开发流程

本节给出Triton入图的详细开发流程。

环境准备

CANN软件包安装：参见环境准备安装CANN软件包，并设置环境变量。
Triton Ascend 安装：参见Triton Ascend安装指南进行安装。

Triton入图详细Sample示例请单击Link获取。

生成npubin文件

用户需调用Triton Ascend提供的compile接口对算子kernel进行编译，生成对应的npubin文件。

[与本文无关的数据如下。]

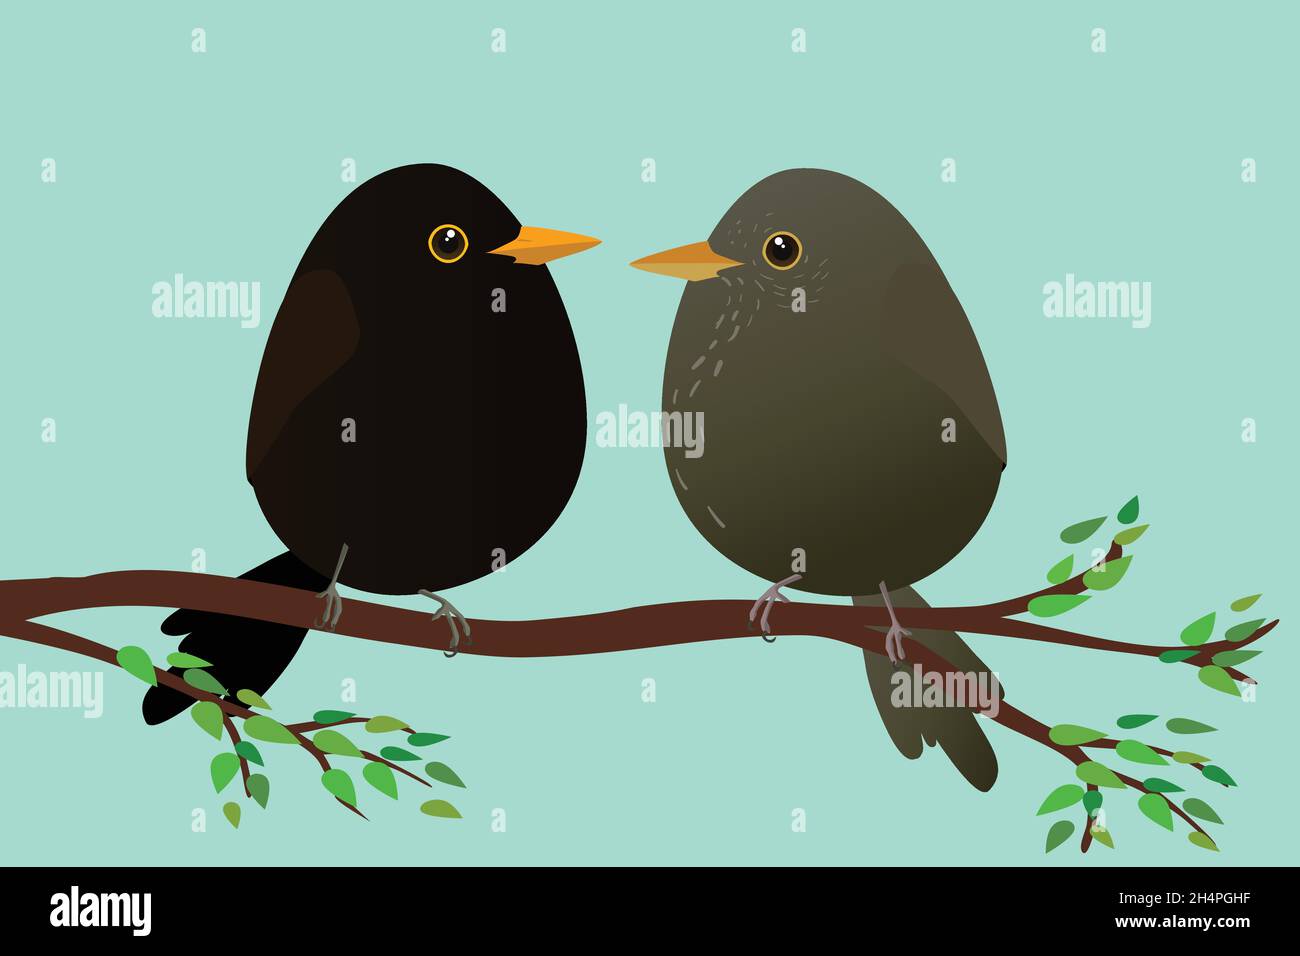 Una femmina molto carina e un maschio Blackbirds a forma di uovo. Sfondo verde-blu. Gli uccelli sono seduti su un ramo con foglie verdi. Illustrazione Vettoriale

以自定义算子AddCustom为例（文件名举例为AddCustom.py），样例代码如下：

      
       
         
         
           # Compute Kernel
import torch
import torch_npu   # torch_npu插件

import triton
import triton.language as tl  # Triton语言模块

# 定义一个Triton内核函数，用于实现x+y的向量加法
@triton.jit
def add_kernel(x_ptr,  # 指向第一个输入向量的指针
               y_ptr,  # 指向第二个输入向量的指针
               output_ptr,  # 指向输出向量的指针
               n_elements,  # 向量的长度
               BLOCK_SIZE: tl.constexpr,  # 每个程序处理的元素数量
               ):
    # 获取当前程序的ID
    pid = tl.program_id(axis=0)  # We use a 1D launch grid so axis is 0.
    # 计算当前程序处理的起始位置
    block_start = pid * BLOCK_SIZE
    # 生成当前程序处理的元素的偏移量列表    
    offsets = block_start + tl.arange(0, BLOCK_SIZE)
    # 创建一个掩码，用于防止越界访问
    mask = offsets < n_elements
    # 从DRAM加载x和y，使用掩码避免越界
    x = tl.load(x_ptr + offsets, mask=mask)
    y = tl.load(y_ptr + offsets, mask=mask)
    # 计算x+y
    output = x + y
    # 将结果写回DRAM
    tl.store(output_ptr + offsets, output, mask=mask)
# 定义块大小
BLOCK_SIZE_VALUE = 1024
# 创建Triton AST源代码对象
add_kernel_ast = triton.compiler.ASTSource(
    fn=add_kernel,  
    signature={
        'x_ptr': '*fp32',
        'y_ptr': '*fp32',
        'output_ptr': '*fp32',
        'n_elements': 'i32',      
    },
    constants={
        'BLOCK_SIZE': BLOCK_SIZE_VALUE  # 定义块大小为常量
    }
)
# 编译内核
compiled = triton.compile(add_kernel_ast)

          

        

      
     

在上述脚本路径执行如下命令：

      
           python3  AddCustom.py

执行成功后，在~/.triton/cache目录生成npubin文件、json文件、ttir文件、ttadapter文件。如图1所示。

图1 cache目录文件

开发入TensorFlow图的交付件

TensorFlow本身支持自定义算子，因此需要提供一个TensorFlow自定义算子的入图交付件，让TensorFlow认识这个自定义算子，以TensorFlow1.15版本为例，创建原型注册文件custom_add_custom.cc，内容如下：

#include "tensorflow/core/framework/op.h"
#include "tensorflow/core/framework/op_kernel.h"
#include "tensorflow/core/framework/shape_inference.h"
#include "tensorflow/core/framework/common_shape_fns.h"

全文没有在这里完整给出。